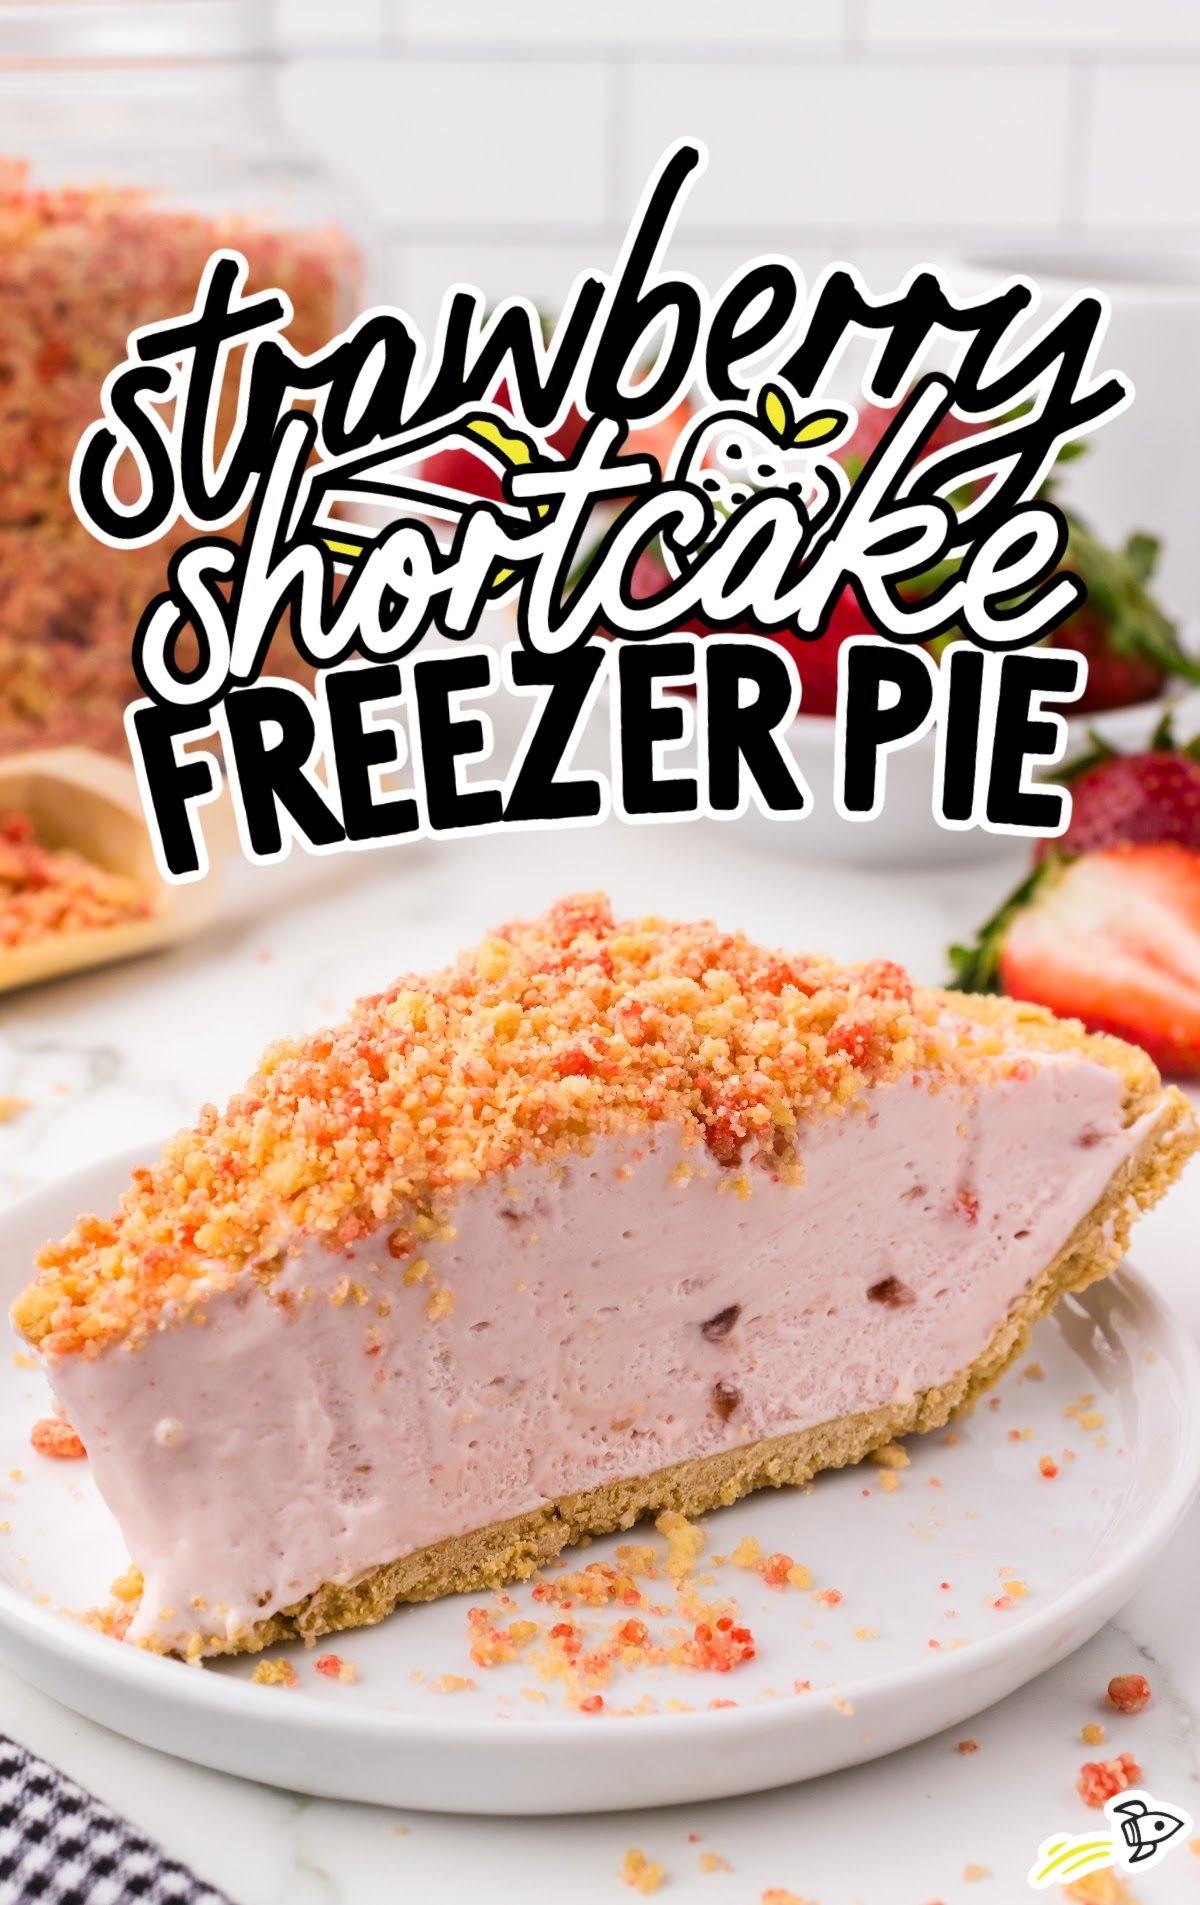 Slice of strawberry freezer pie on a plate ready to serve.
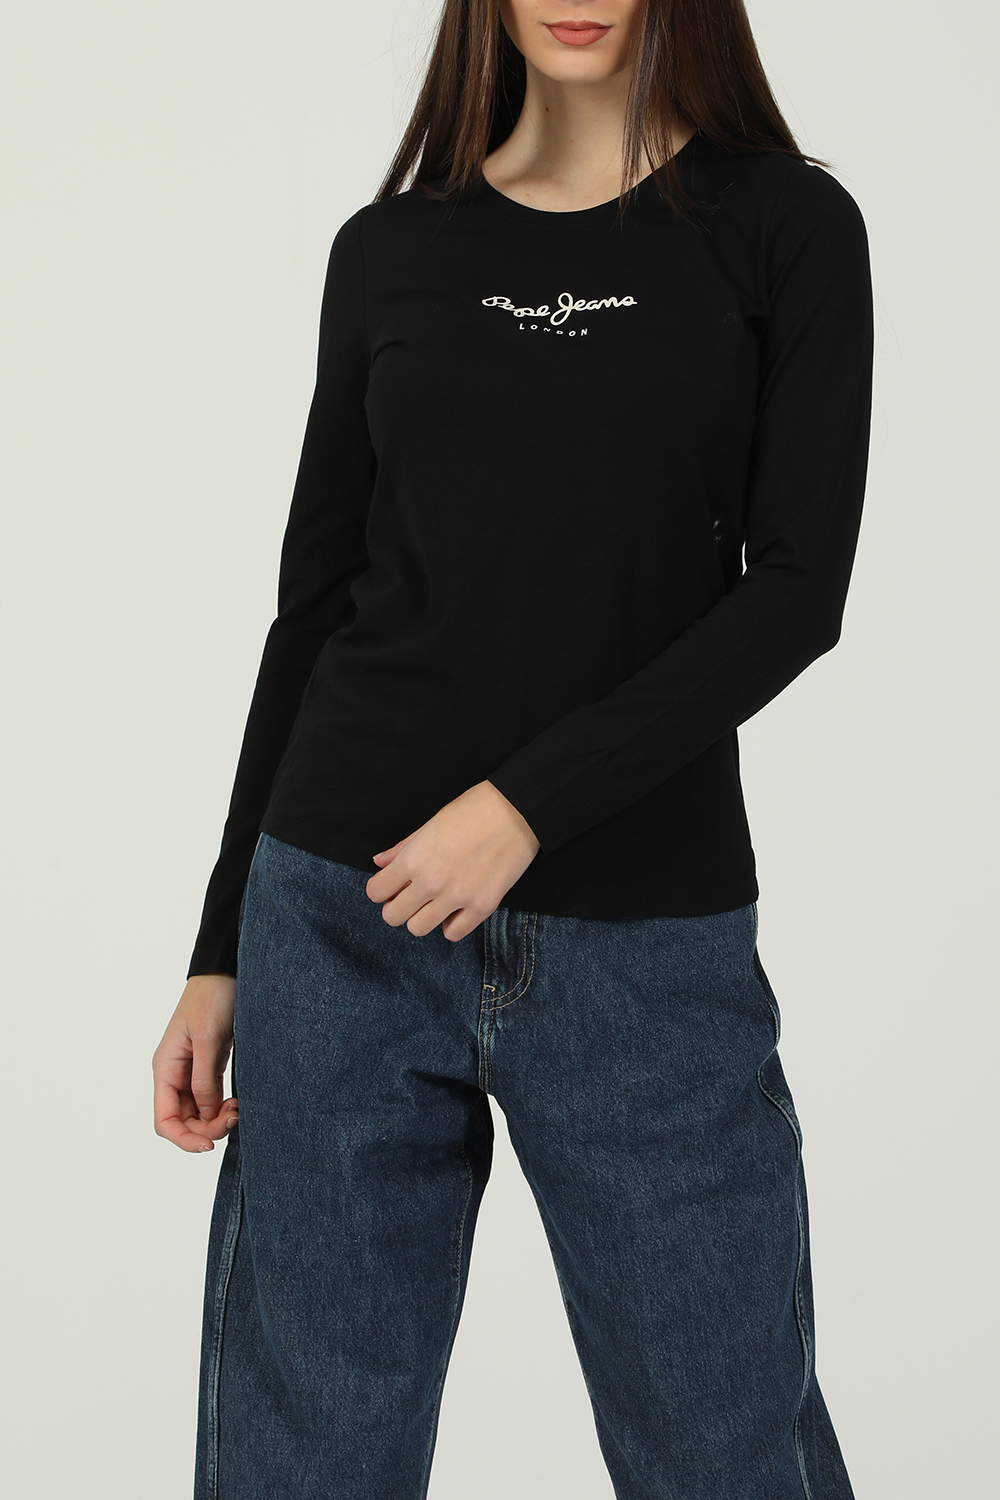 PEPE JEANS – Γυναικεία μακρυμάνικη μπλούζα PEPE JEANS NEW VIRGINIA μαύρη 1822898.0-0071
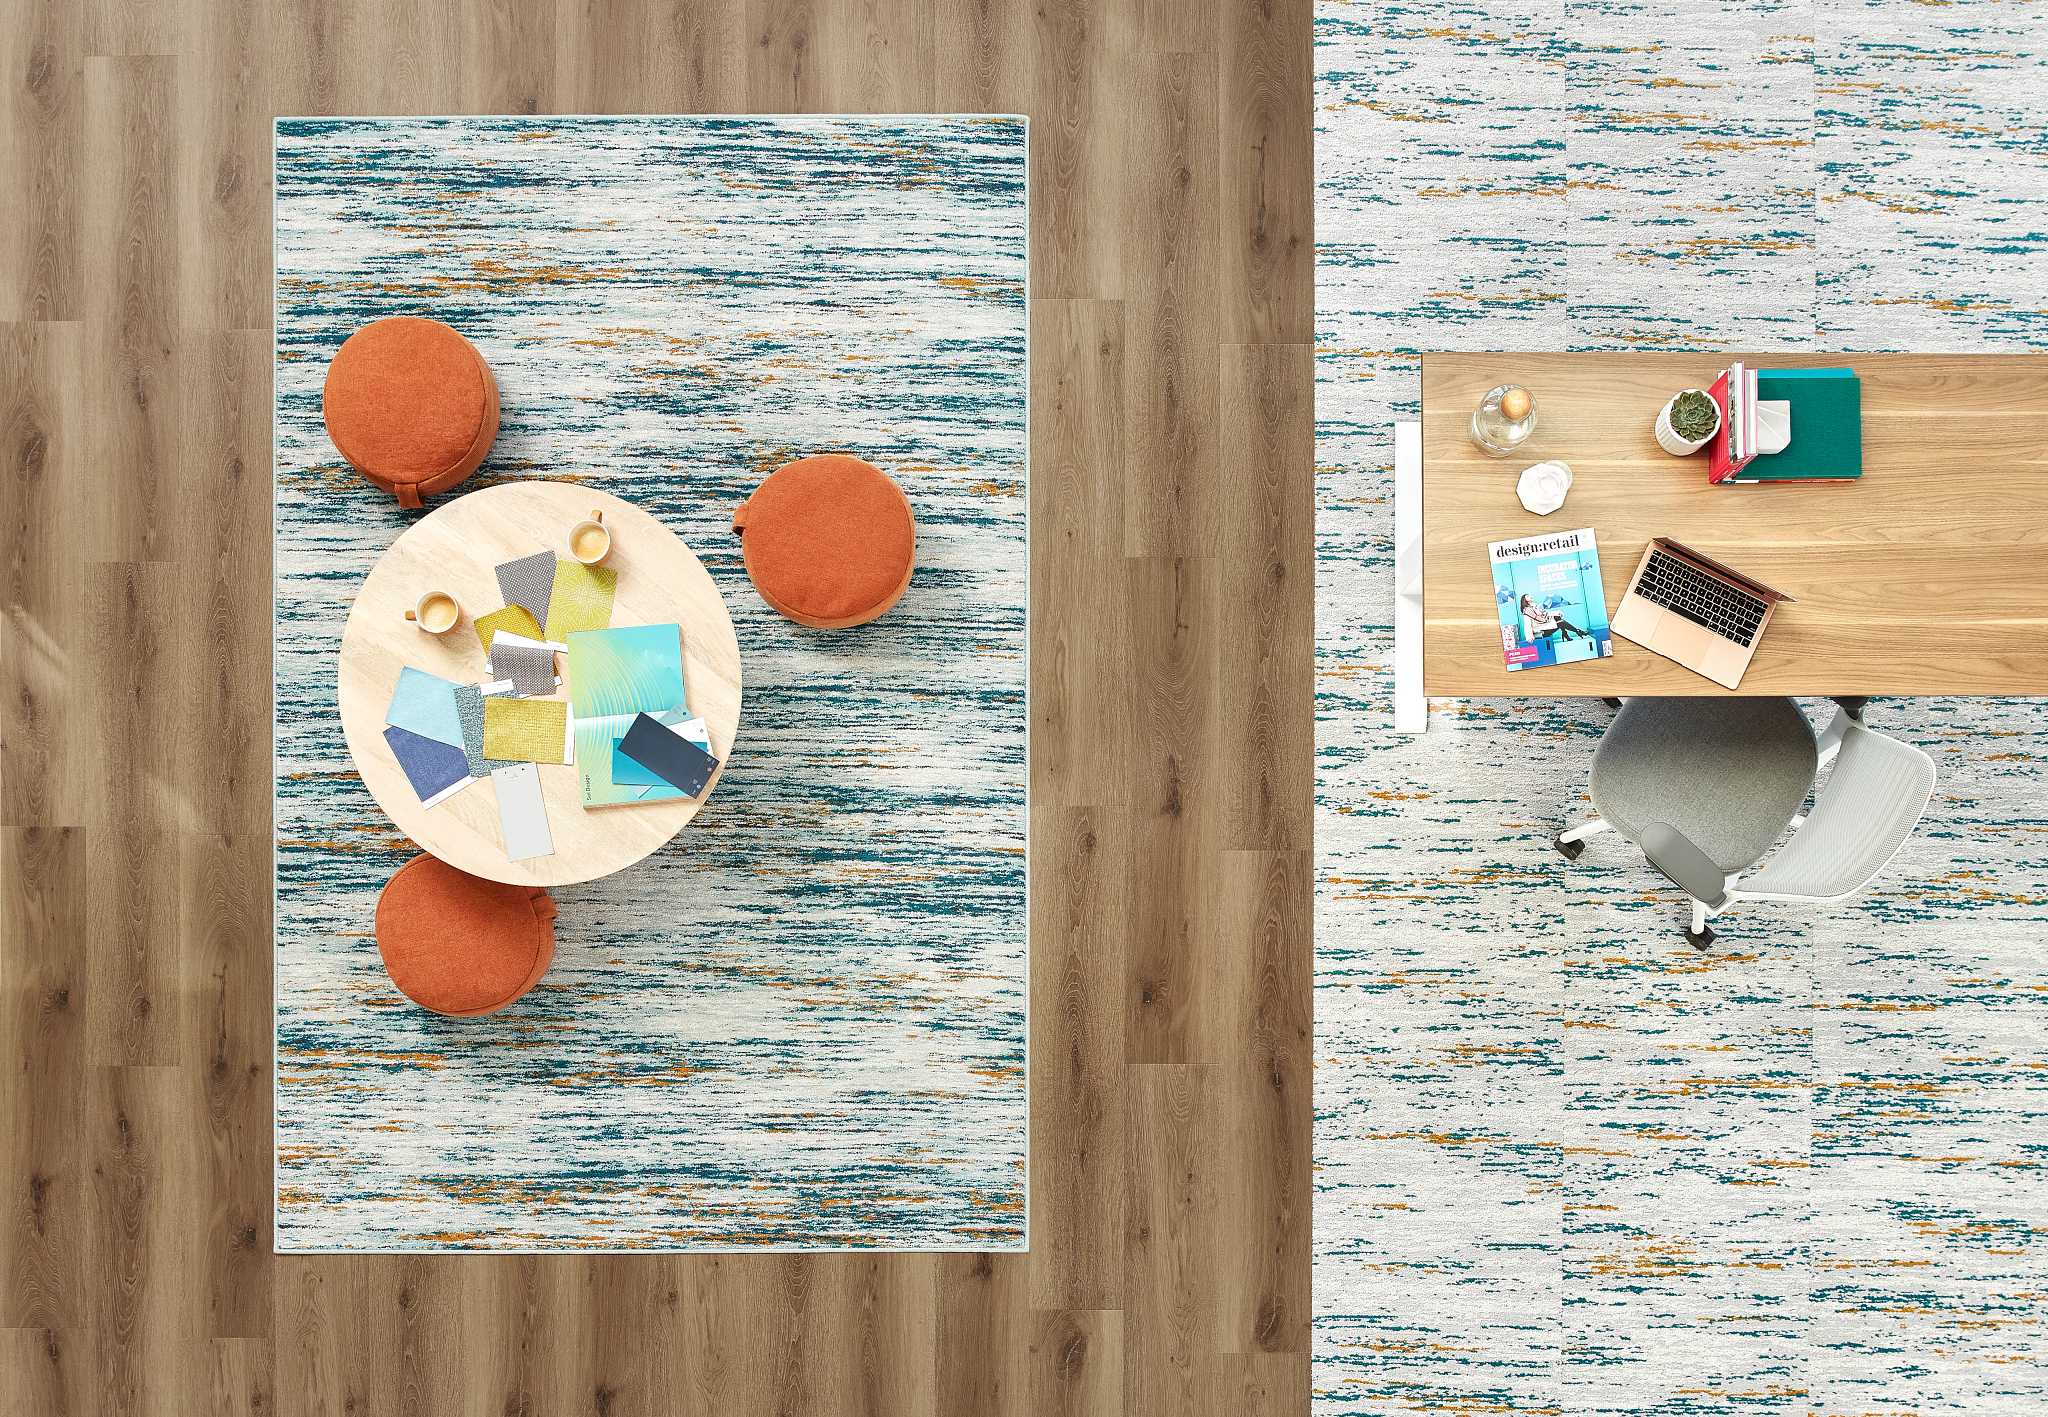 Verve 6×9 FT Rug in Vibrance + Zeal Carpet Tile in Vibrance-Color + Inlet II in Thatch
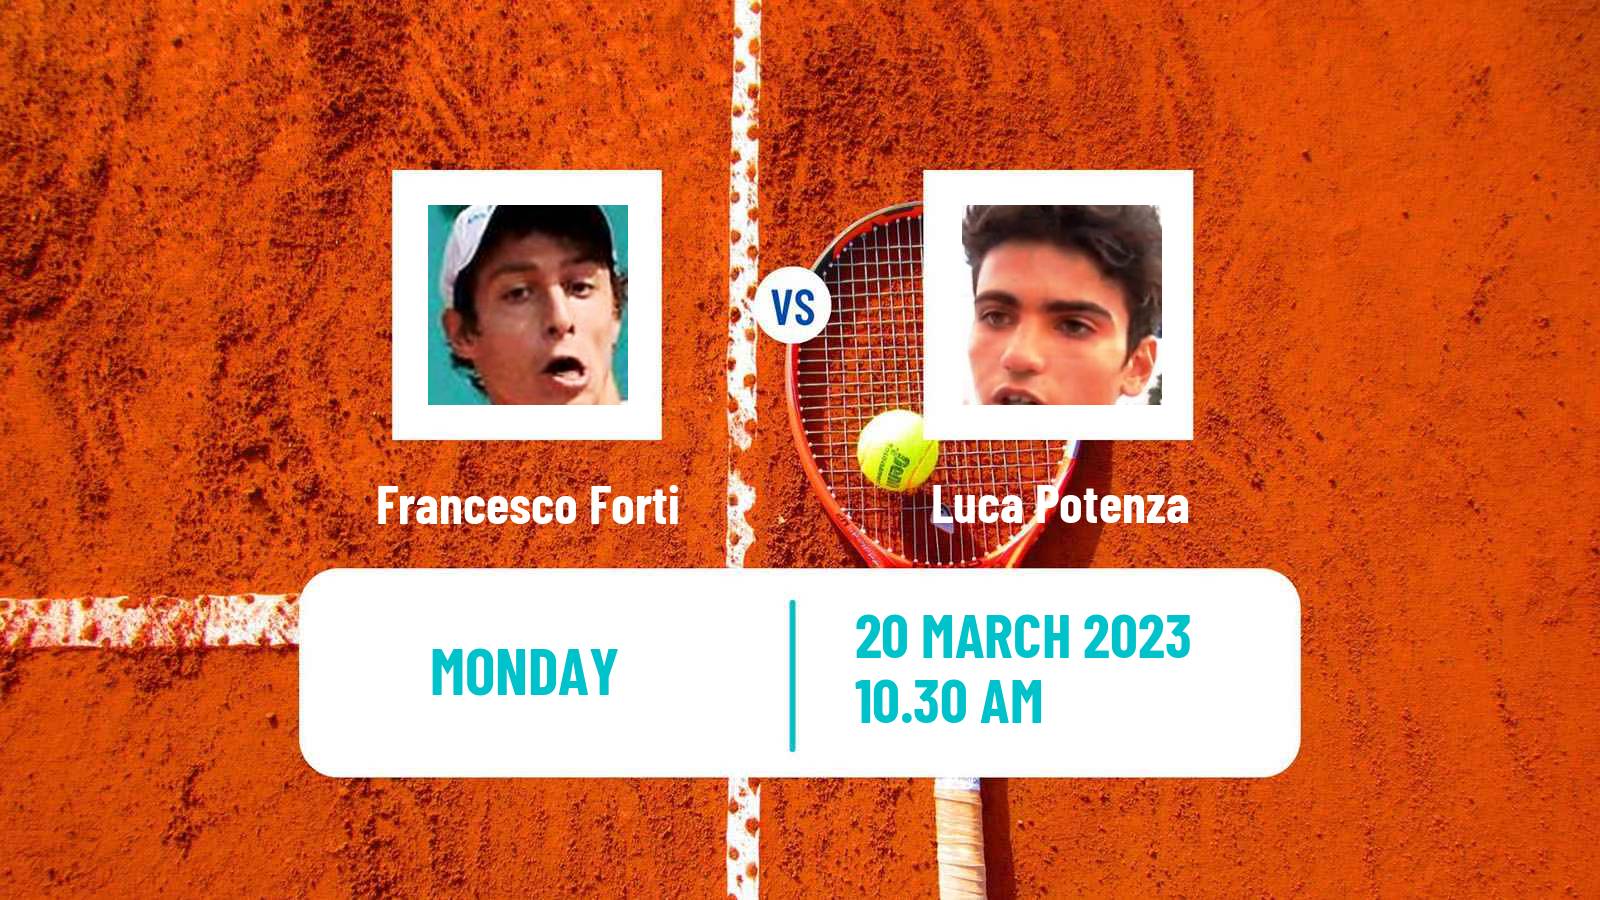 Tennis ATP Challenger Francesco Forti - Luca Potenza

_ _ _ _ _ _ _

What the task requires =
Your copy should match the listing exactly, apart from the pictures it leaves out.

Answer area =
 Slice of strawberry freezer pie on a plate ready to serve.
 PEPE JEANS – Γυναικεία μακρυμάνικη μπλούζα PEPE JEANS NEW VIRGINIA μαύρη 1822898.0-0071
 Verve 6×9 FT Rug in Vibrance + Zeal Carpet Tile in Vibrance-Color + Inlet II in Thatch
 Tennis ATP Challenger Francesco Forti - Luca Potenza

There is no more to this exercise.